It should come as no surprise that I, as a card-carrying member of the professional left (and like many others of the same progressive political persuasion) think President Obama has done a pretty lousy job since his inauguration in January 2009. Yes, there have been accomplishments (though I for one would hardly call the watered-down and insurance-friendly HR 3962 Affordable Care Act much of an accomplishment, the few positive aspects of that law would put it in the win column), but for the past 28 months, I feel like the presidency of Barack Obama has been more about preventing Republicans from completely destroying this country and turning it into a 21st-century aristocracy than turning the USS America around and setting it on some sort of course toward hope and recovery.

From broken promises (Gitmo, taxes) to capitulation on key policy initiatives, from an expanded war in Afghanistan to his continued tacit and blatant support of the greed in corporate America, Barack Obama has been at best disappointing and at worst a Republican lite in the way he has handled the job and his relationship with the progressives and others who put him in office.

Many, like myself, have completely given up on him. In my mind, the only thing Obama has going for him is the fact that he isn't as maniacal, nuts, immature, or deranged as every person on the right or in the Republican Party has become. Compared to such raving madmen and singing assholes as Michele Bachmann, Rick Santorum, Newt Gingrich, T-Paw, and S-Pal, Obama looks like the only sane adult in the room. In other words, 2012 is shaping up to be another election where many of us will end up voting "not Republican."

No one (including me) expected Obama to follow through on all of his ideas, policies or goals -- not one politician ever has. Even doofuses like George W. Bush had to snub his nose at many of the people and constituents who supported him both financially and electorally. That is just the way politics works. What is maddening about the Obama presidency is how fast and how far many of failings have been, some in the name of keeping the Republicans at bay (aka compromise, a word the GOP has banished from the dictionary), but many as a direct result of Barack Obama's fear of imposing any sort of pressure or power on the legislators and leaders of the government. This from allegedly the most powerful man on the planet.

Barack Obama is letting the lunatics run the asylum. And they are succeeding beyond their wildest dreams. If you think back to how demoralized the right was just after the 2008 election, in just 2 1/2 years they not only made a comeback but are actually at a point where the opposition (Democrats) is not only listening to their points but is about to incorporate and accept some of their most insane and destructive ideas.

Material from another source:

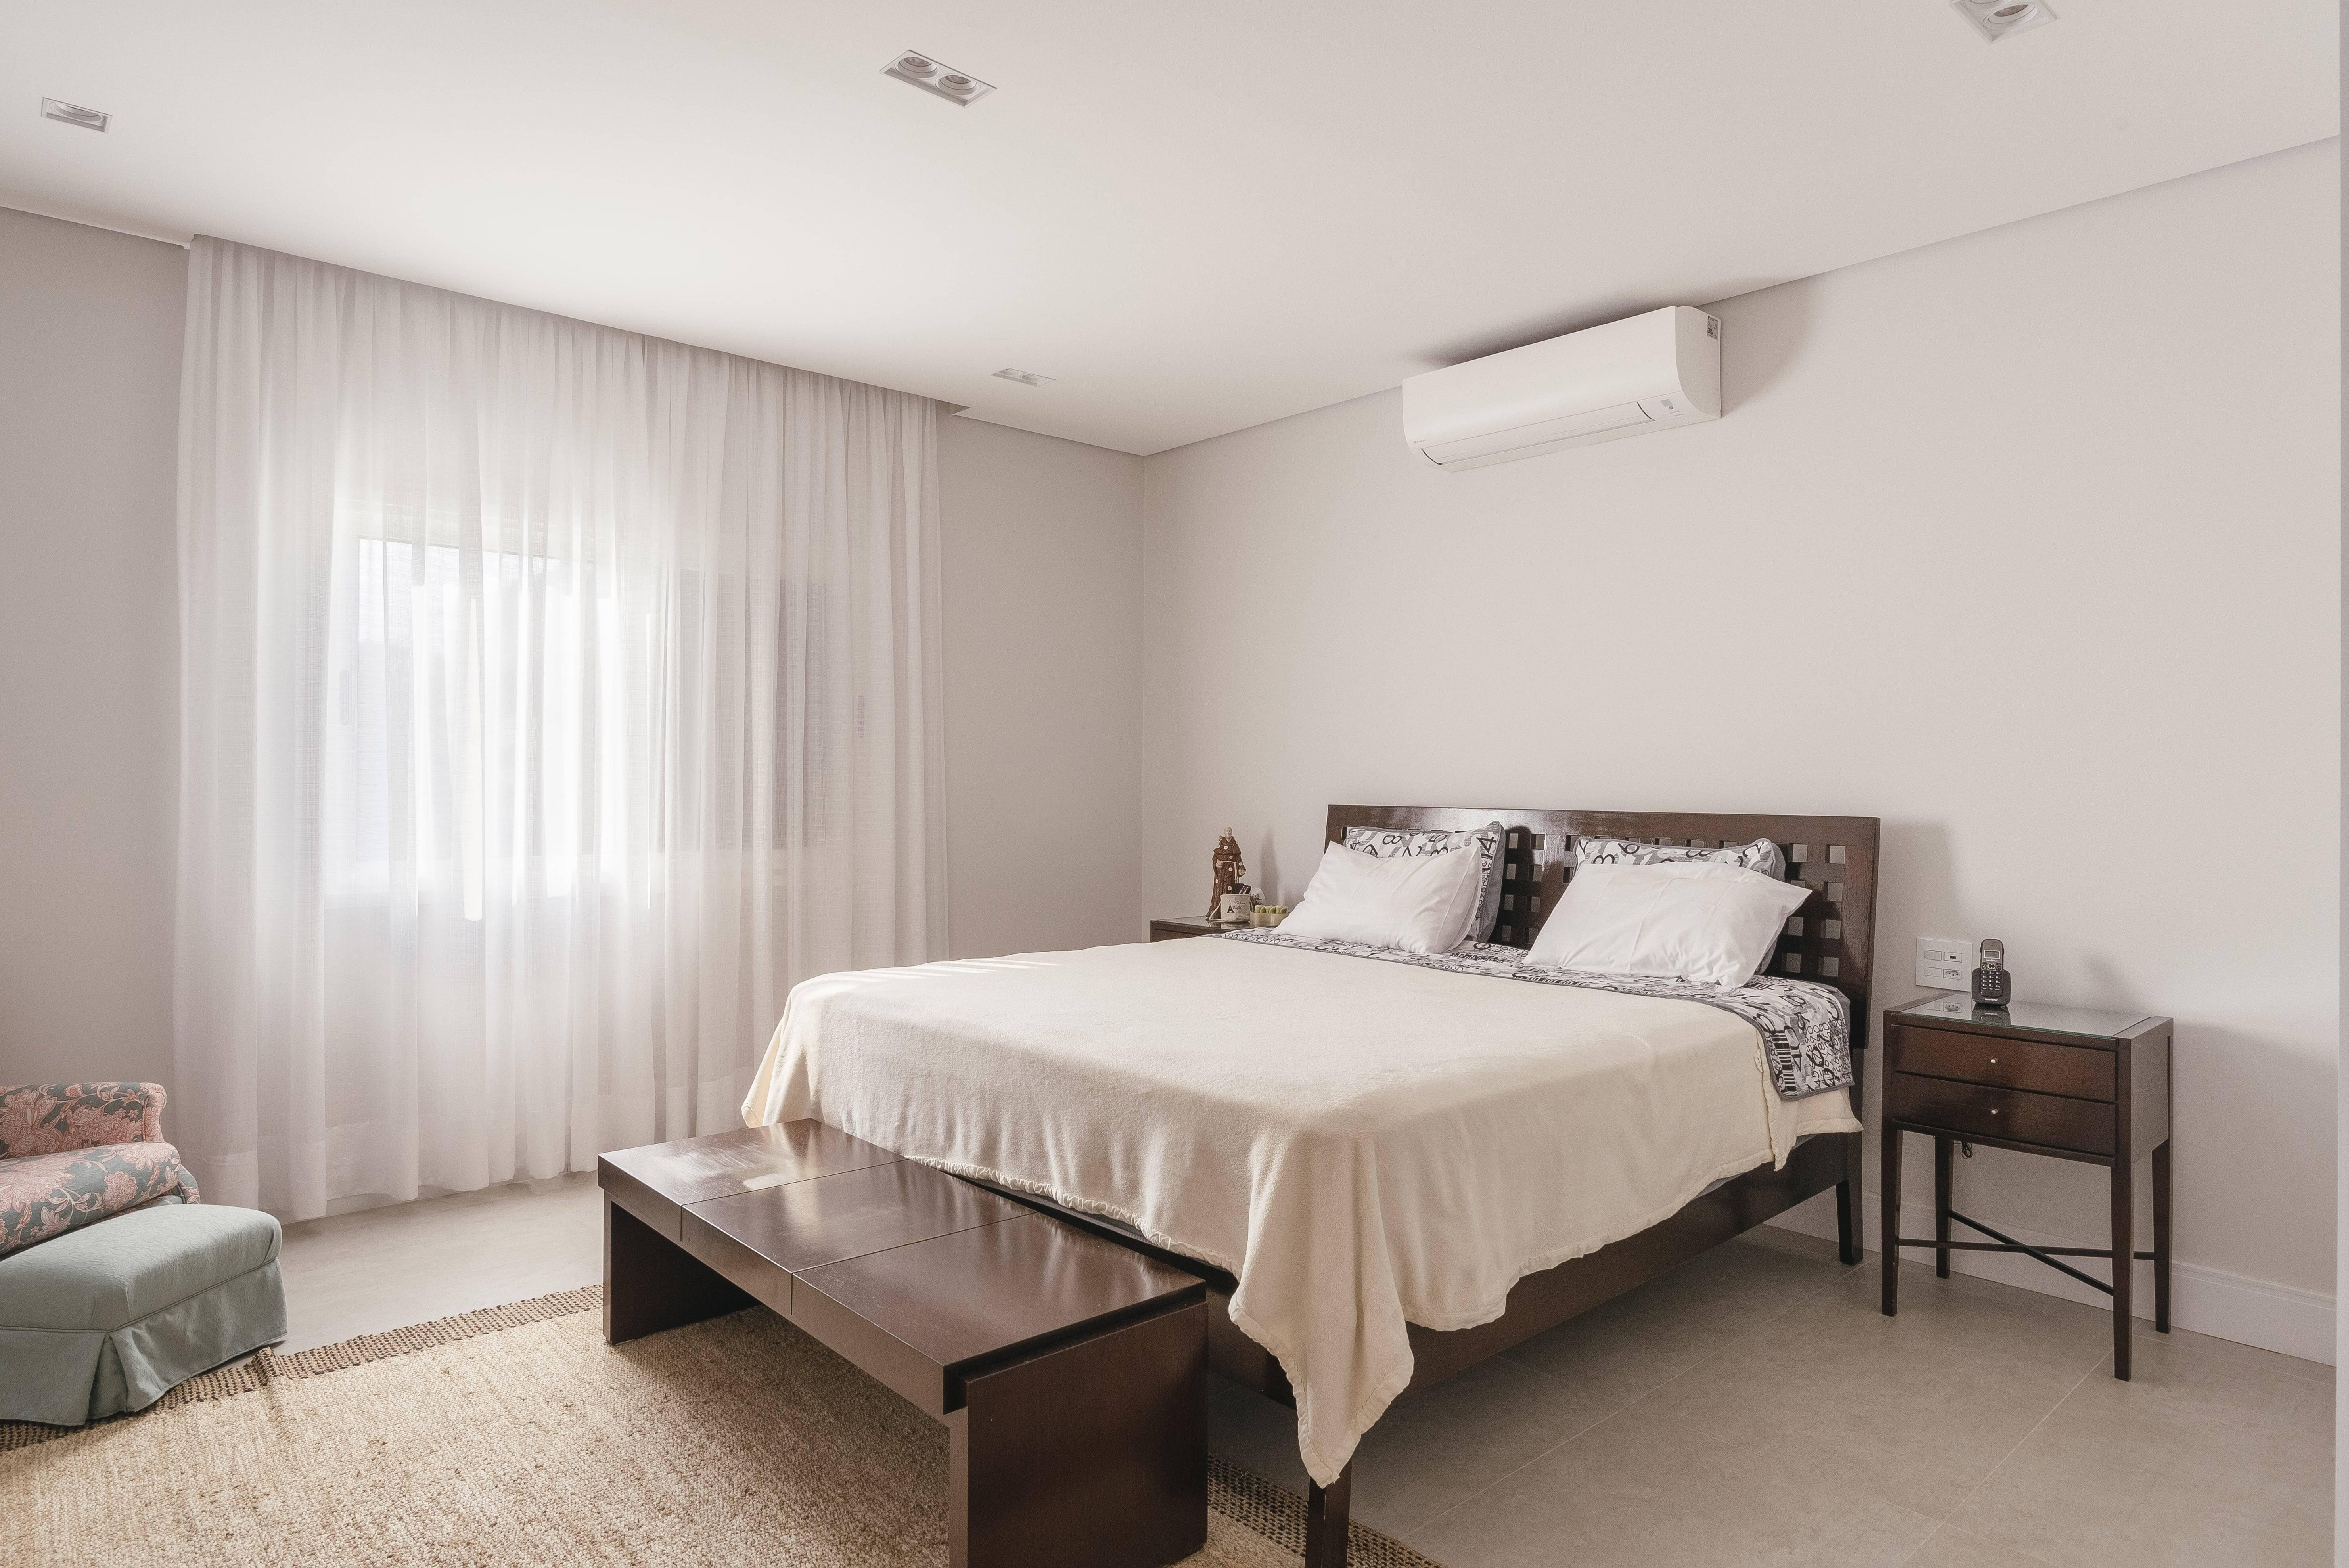 Ao usar as camas de madeira e metal na decoração do quarto, é preciso levar em conta os arredores do quarto. Foto: Henrique Ribeiro

Talk about failure to launch.

In my mind, the aspect of Obama's leadership that has proven to be the most disappointing is his complete and utter failure to communicate. I don't mean simply talk to America -- Obama has done plenty of that. I mean adapt to the fast-changing environment, manage the advent of instantaneous information, use the bully pulpit available to him, and take advantage of some of the greatest oratory skills ever gifted on an American leader. Obama's startling inability to grasp the concept of communication and engagement is (in my humble opinion) the biggest reason his presidency is falling into a sink hole of mediocrity or perhaps even failure.

We live in an age of instantaneous sound bites, wild statements to get attention, a 24/7 socially connected world, and a lot of polluted speech clogging up the media outlets. Both sides of the political spectrum are constantly fighting for the most valuable real estate to get their message across to the greatest amount of audience. This is Advertising 101. You need a lot of people to hear you (reach) and a lot of times (frequency) to influence behavior and choice (buy your product). Americans are bombarded with 50 thousand messages a day from 10 thousand sources. It is hard to stand out from the clutter, unless you are wildly insane, wildly good-looking, or wildly connected. Even media whores like the idiot Sarah Palin and the reprehensible Eric Cantor still have to fight with the likes of nincompoops like Marcia Blackburn and Louis Gohmert for a parking spot near the movie theater.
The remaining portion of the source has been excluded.